The byte shuffling process rearranges the bytes of the input attribute cell values in a deterministic and reversible manner designed to result in long runs of similar bytes that can be compressed more effectively by a generic compressor than the original unshuffled elements. Typically this filter is not used on its own, but rather immediately followed by a compression filter in a filter list.
For example, consider three 32-bit unsigned integer values 1, 2, 3
, which
have the following little-endian representation when stored adjacent in memory:
0x01 0x00 0x00 0x00 0x02 0x00 0x00 0x00 0x03 0x00 0x00 0x00
The byte shuffle operation will rearrange the bytes of these integer elements in memory such that the resulting array of bytes will contain each element’s first byte, followed by each element’s second byte, etc. After shuffling the bytes would therefore be:
0x01 0x02 0x03 0x00 0x00 0x00 0x00 0x00 0x00 0x00 0x00 0x00
Note the longer run of zero-valued bytes, which will compress more efficiently.

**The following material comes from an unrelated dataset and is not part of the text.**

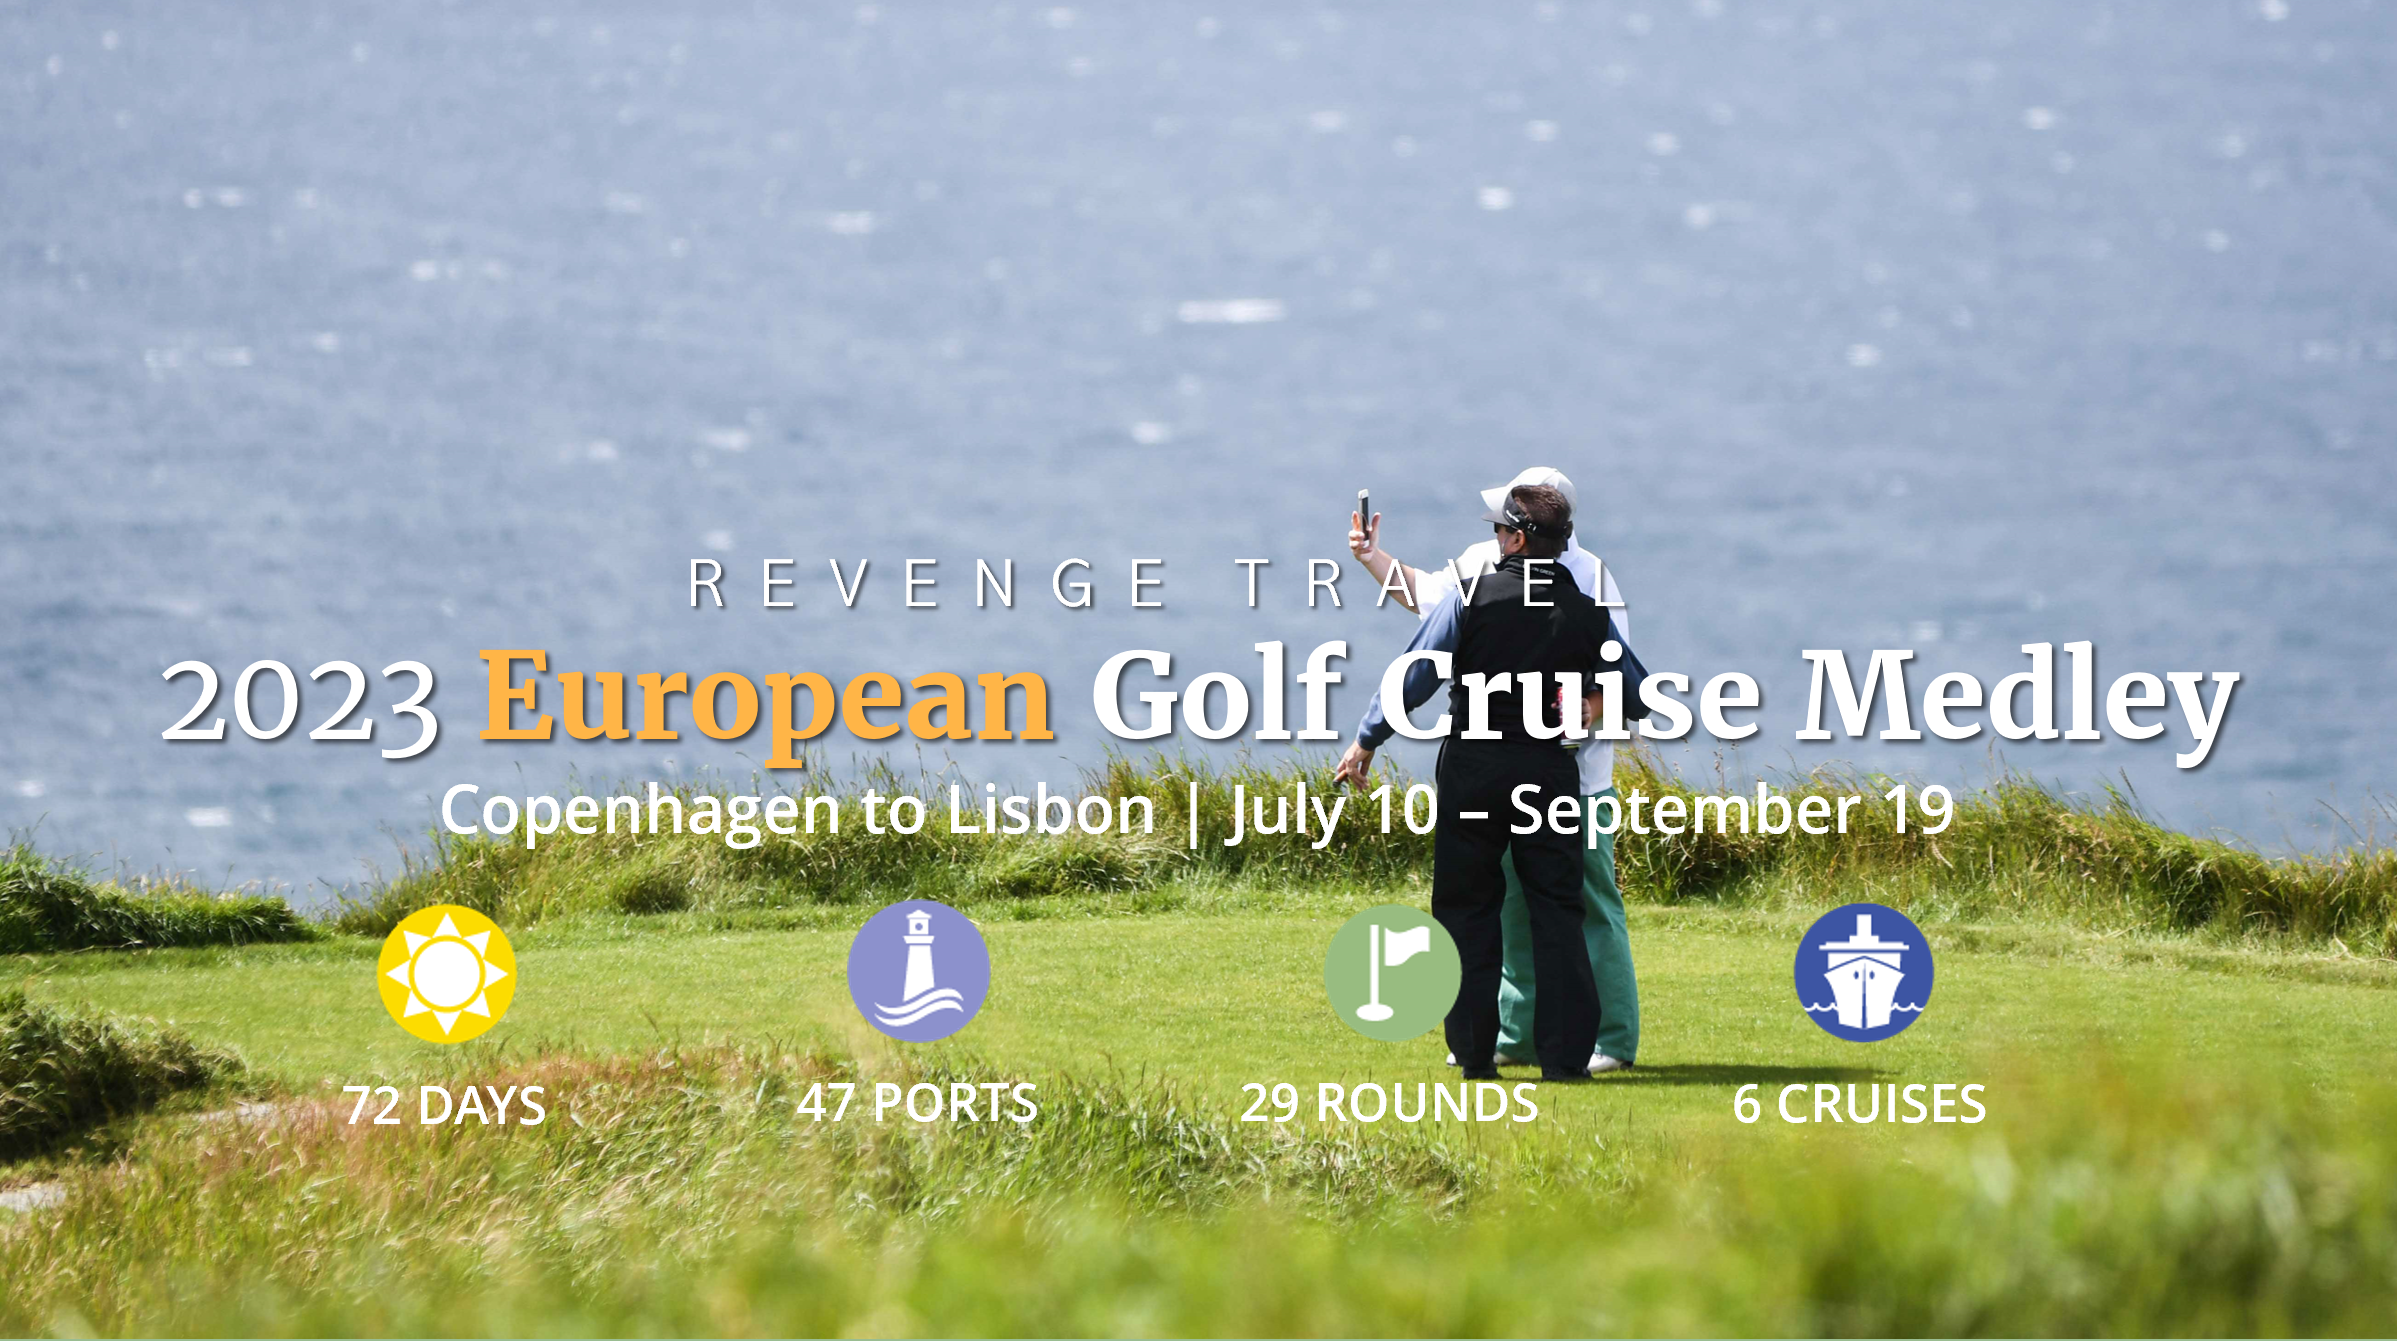 WEBINAR 24 FEB: European Golf Cruise Medley 2023 - PerryGolf.com
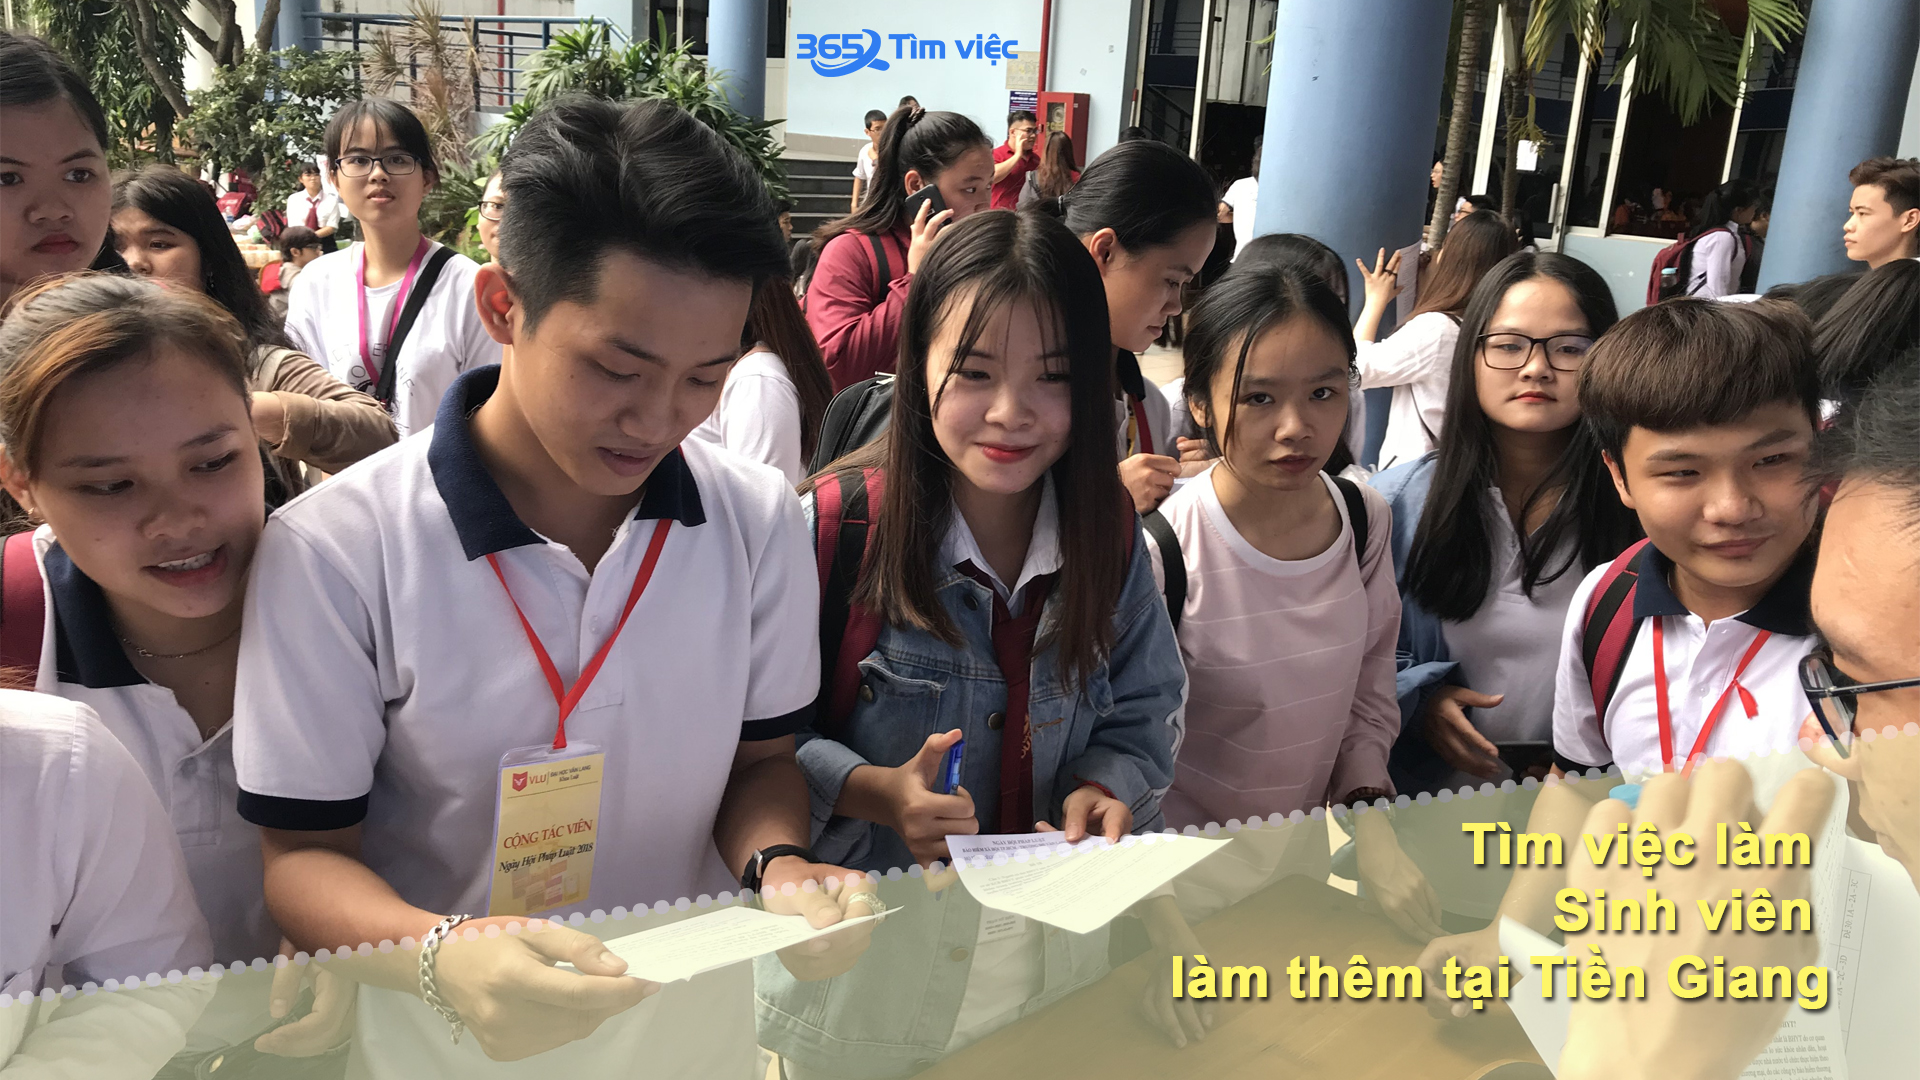 Website tìm việc làm thêm cho sinh viên ở Tiền Giang uy tín

The byteshuffle filter does not support any options.
Bitshuffle¶
The filter TILEDB_FILTER_BITSHUFFLE
performs
bit shuffling
of data as a way to improve compression ratios. The bitshuffle implementation
used in TileDB comes from https://github.com/kiyo-masui/bitshuffle.
Bitshuffling is conceptually very similar to byteshuffling, but operates on the bit granularity rather than the byte granularity. Shuffling at the bit level can increase compression ratios even further than the byteshuffle filter, at the cost of increased computation to perform the shuffle.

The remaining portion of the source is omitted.